This is a piece within the legislation which is not yet spelled out entirely, because the directive which will amend 2001/83 has come under the new treaty, and there are different ways of then formulating further legislation – we call it a ‘delegated act.’

The European Commission has to detail:  ● What are safety features? ● What are the characteristics of these safety features? ● What are the modalities for the verification – be it at the stage of the manufacturer, the wholesaler, or maybe at the very end of the chain at the pharmacy?  ● What do they actually have to do? ● Is it something that they have to follow through the entire supply chain?

So maybe [there is] a big database somewhere where the manufacturer has issued and released the product that the pharmacy then checks and hands it over to the patient. There is a lot of uncertainty in this area, and the European Commission in the next few years will work on this.

This does add a little bit of complexity to this piece of legislation, because all those new requirements are somehow interlinked. If some of those aspects are not clear yet we will not be able to, for example, in the GDP guidelines, really formulate what we expect the wholesalers to do. So this is something we will have two or three year’s time to further develop. I know that there will also be an impact assessment on this because it has a lot of impact on the wholesalers in particular.

Pillar Two:  Supply Chain and GDP

Also for the second part of the pillar – the entire supply chain, [from] finished product release to when it ends up in the last point where it is being sold to the public – there are a number of increased obligations for those wholesalers.

The first one, on the European level, is that a quality management system is now required for their activities. Some member states may have had this already, but this is now something which in general is required at the European level.

It has already been the case that wholesalers have to know from whom they are buying and to whom they are selling. The new legislation passed also requires that they have to verify that those actors – their suppliers and  their customers – do comply with GDP.  I will tell you later about how this can be done.

We know also that exportation of products can be an issue. So it has now been deemed necessary to include certain recordkeeping requirements for those distributors who export medicinal products outside the European Union.
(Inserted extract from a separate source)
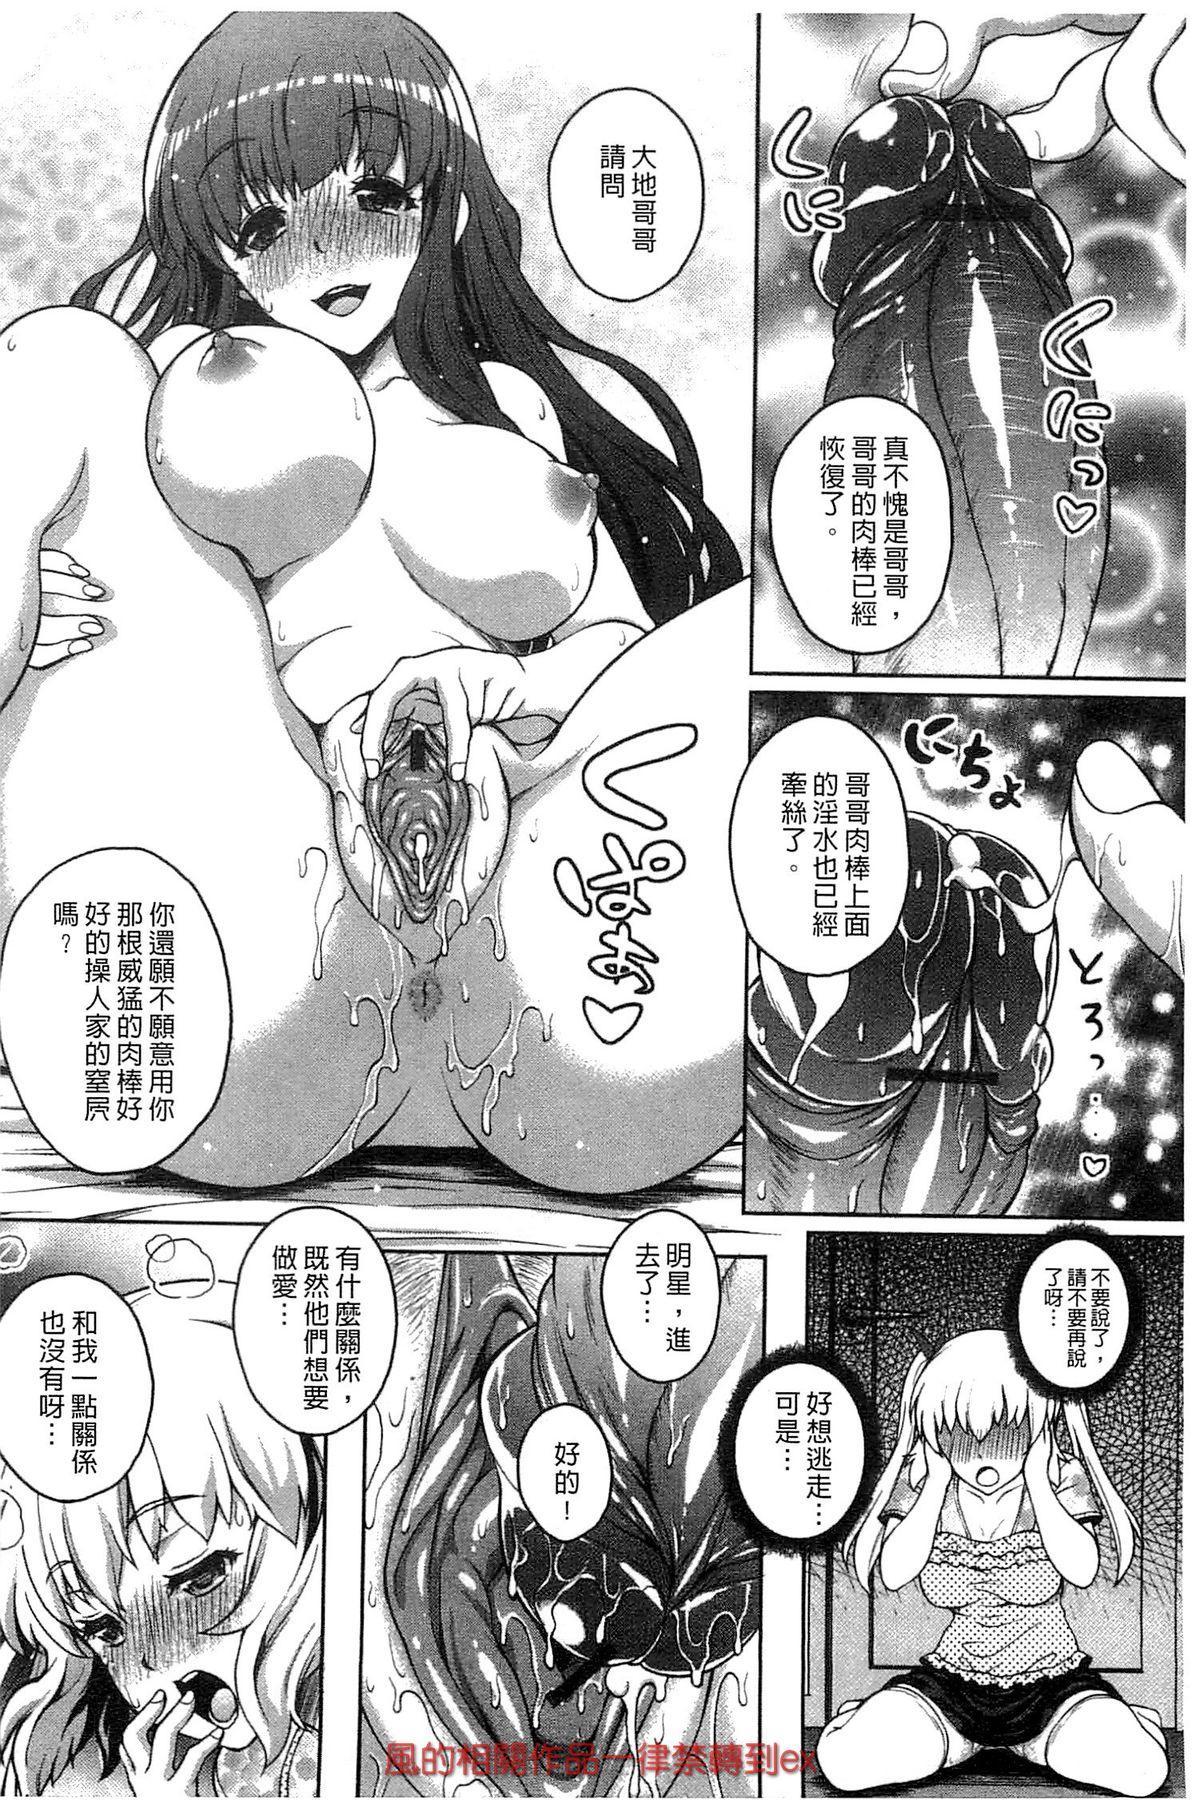 Hajimete nan da kara 144

Wholesalers already need to have procedures in place to recall a product from the market if it is deemed to have a quality defect. Now in addition to that, if they suspect that they were offered a medicinal product which is too good in price, too good in volume, too good in everything so that there is a suspicion that it is falsified, they are now required to inform the national competent authority about it, and in certain cases also the marketing authorization holder [MAH] for the product.

In previous legislation, only distributors were talked about. There was no real difference between the ones who buy, who store, who sell, or virtual wholesalers….  The falsified medicines legislation provides a definition for what a wholesale distributor is and under what activities they are called wholesalers.

They found that there is another group of actors out there – the brokers – which will also have requirements. Brokers are the people who do not themselves buy, receive, or store, but they bring two parties together to say ‘this company wants to sell this at a good price.’  They probably get a margin, but they are not directly involved in the categories for which you need wholesale distribution authorization. These are now deemed to be brokers, and there is now a definition for this.

The legislation obliges those brokers to have certain requirements – for example, a quality system as well and most importantly a documentation system. They also need to keep records of what they sold and managed between the two parties and ensure that those products that they have managed to get from Company A to Company B are actually authorized within the European Union.

These people are completely new to us and we have to learn about this exciting area of industry. We need to see what these requirements will be.

Currently, wholesale distributors are required to have an authorization, and the authorization is done by the national competent authority. What we do not currently have in Europe is a harmonized format for those authorizations. This is something that will come through the requirement – that these authorizations have to be entered into the European Union database.

Most of you are familiar with EudraGMP.  In the legislation it is just called the ‘Union Database.’ We will have to extend this database to include quite a number of things.  Among them is the authorization for wholesale distributors. We are currently working on a European format. This will make it much easier for the wholesalers if they have to verify that the wholesaler from whom they are buying or to whom they are selling is authorized and compliant with GDPs, because this will be in a publicly accessible database.

The brokers also need to be registered.  It is in the new legislation that they need to notify their activity to the national authorities. Those notifications by the brokers will not have to be entered into the European database, but they have to be made publicly available at the national competent authority level.

The requirements for GDP and for wholesale distributors mean that we have to revise quite a number of community procedures to take into account those new requirements. In particular, those will be GMP, but we are also looking at the GDP guidance.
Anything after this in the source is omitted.